I attended every tryout I could, and they were plentiful in the Southwest. I expected each tryout to turn out as well as the Reds tryout, but I was told the same thing over and over again by every scout for every team:

“This is really cool, but I don’t know how to appraise this skill.”

Over and over and over again.

I finally drove out to Long Beach, California, for a tryout when I was told to shut it down just three pitches into my bullpen. And it angered me. I threw my stuff in the dugout when the scout calmed me down. He just wanted to see me throw last for some strange reason. I sat down skeptically. 

Meeting Charlie Hough & RA Dickey

Charlie Hough and I at his home in Southern California

When Charlie Hough arrived to the ballpark, I finally understood why the scout was saving me. I’d taped Hough’s card to my childhood bedroom wall and was about to throw for the 24-year MLB legend.

After the dust settled, he gave me his phone number on a crumpled piece of paper. 

Charlie Hough called me, “Horse(bleep) with potential,” and I’d never been prouder.

He thinks I have potential!

Exactly two weeks later, I called the legendary knuckleballer who invited me out to his house in Orange County, California, where he’d mentor me. We’d throw bullpens and live at-bats at a nearby community college with RA Dickey. And over the course of a few months, he taught me all that I needed to know. 

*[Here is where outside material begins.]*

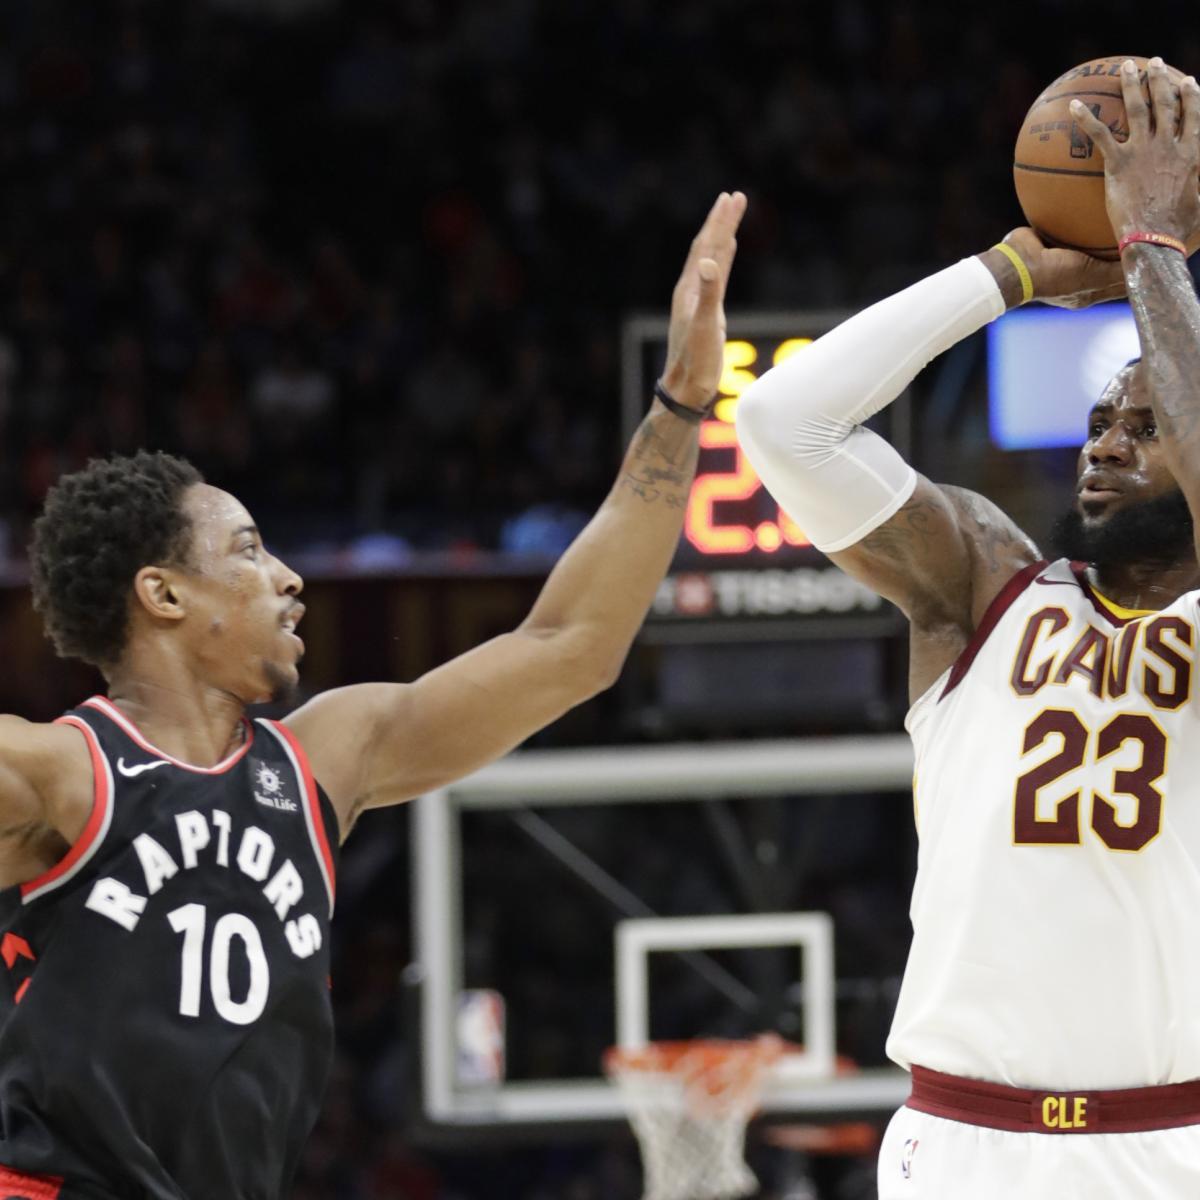 DeMar DeRozan: LeBron Told Raptors Player How to Run Toronto Play in 2016 Series

In those early days, RA Dickey was not very good. The Rangers had instructed him to “throw like Wakefield” and had a hard time adjusting as a first-round draft pick throwing 95 miles per hour. In fact, his arm was so quick that he looked like he was passively aggressively making fun of the knuckleball with his ultra-low effort delivery at 65 miles per hour.

Through the years, RA Dickey would have an identity crisis until he let the real RA win the battle. He decided that if he was going to throw the knuckleball, then he’d do it his way by throwing it hard. And it sure paid off.

But after months of bullpens and live-at bats back in those early days, Charlie Hough eventually asked me, “Kid, are you ready?”

“Ready for what?” I asked.

“Ready for pro ball?”

My First Pro Contract

Charlie Hough helped me land my first professional contract for the Lincoln Saltdogs of the American Association. I was in the changing room at my bar’s fancy restaurant getting ready for a shift when the Saltdogs called asking where they could fax the contract.

I rummaged around my wallet to find my father’s business card. I gave him his fax number and he called me mystified the next morning.

“Is this real?” he asked.

I responded with a confident, “Yes,” marking one of the proudest moments of my life.

He signed it, sent it back and I started a bumpy minor league career that would shoot me to Australia, Taiwan and all over the independent minor leagues in the United States and Canada.

My first pro appearance, in the pre-season in front of a nearly packed house in Lincoln, Nebraska, was a proud but difficult moment for me. I was called in out of the bullpen to face Fernando Valenzuela’s son who’d already hit two homers and a double that day. I struck him out, walked the next guy and then rolled over a double play to end the inning.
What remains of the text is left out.